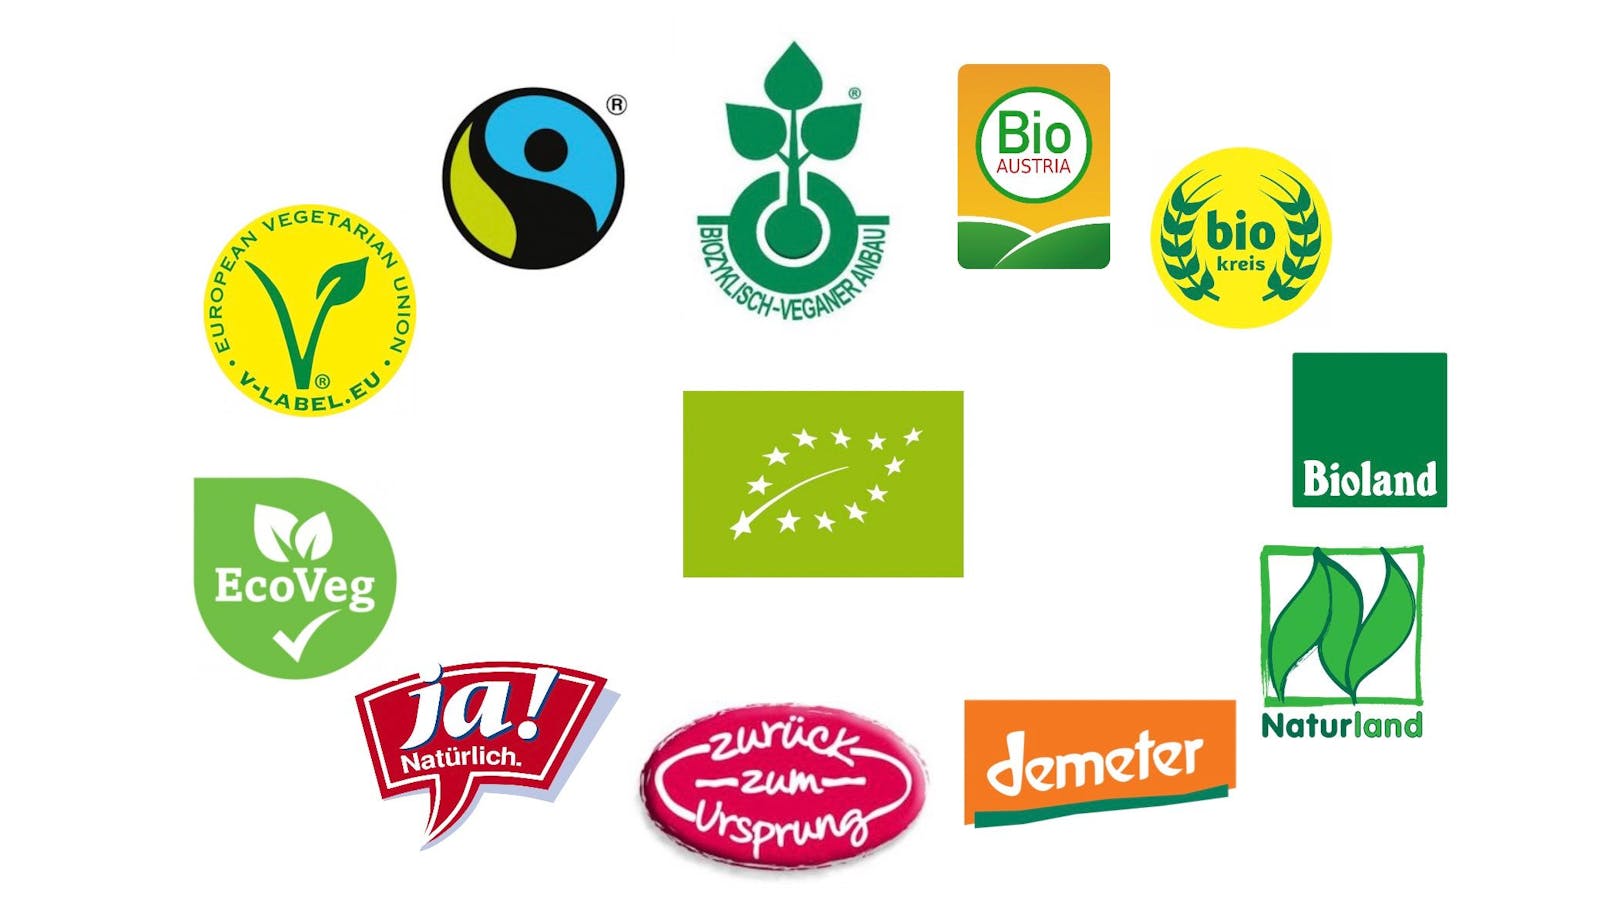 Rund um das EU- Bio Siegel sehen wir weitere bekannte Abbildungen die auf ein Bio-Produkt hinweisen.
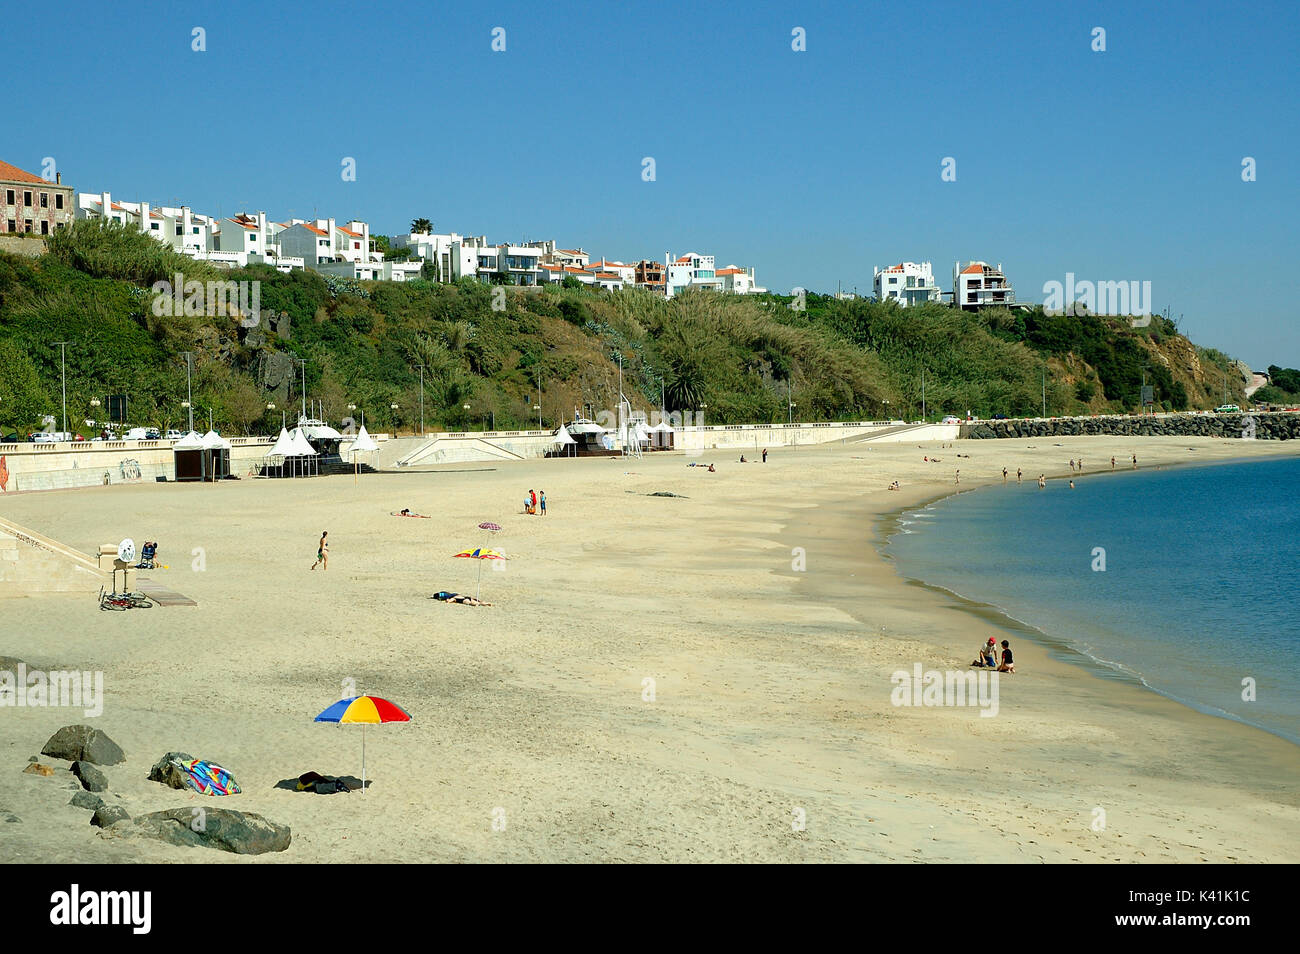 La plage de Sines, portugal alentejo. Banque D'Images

————

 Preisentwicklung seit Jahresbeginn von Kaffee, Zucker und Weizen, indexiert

————

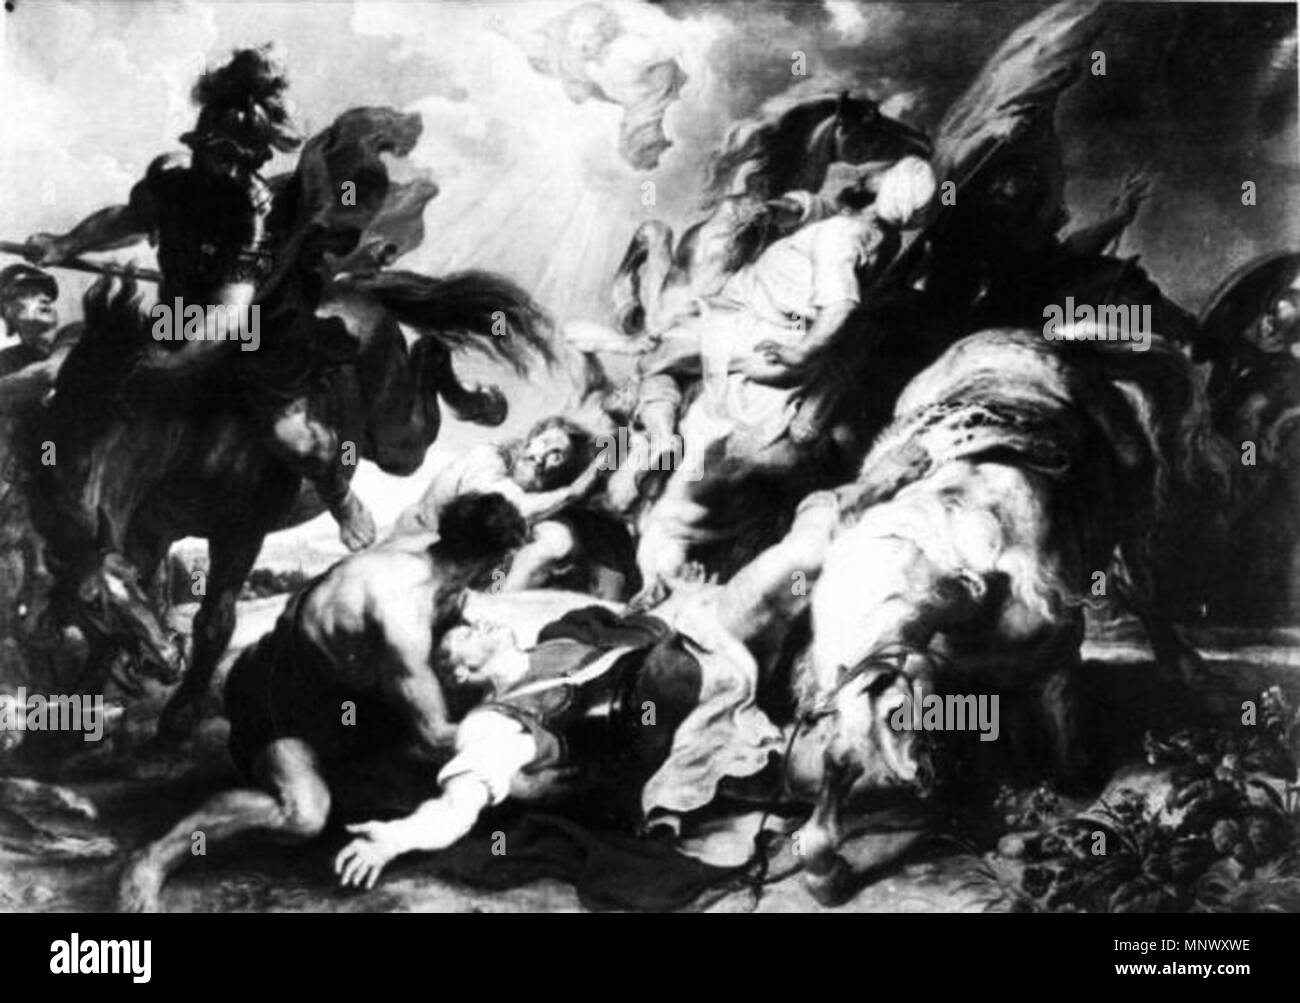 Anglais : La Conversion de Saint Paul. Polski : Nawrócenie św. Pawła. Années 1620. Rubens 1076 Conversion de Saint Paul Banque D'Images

————

What you need to do |
Exact repeat of the material above: every line from the one with "Rund um das" through the one with "La plage de", endpoints included, and nothing more. No pictures.

Finished exercise |
 Rund um das EU- Bio Siegel sehen wir weitere bekannte Abbildungen die auf ein Bio-Produkt hinweisen.
 La plage de Sines, portugal alentejo. Banque D'Images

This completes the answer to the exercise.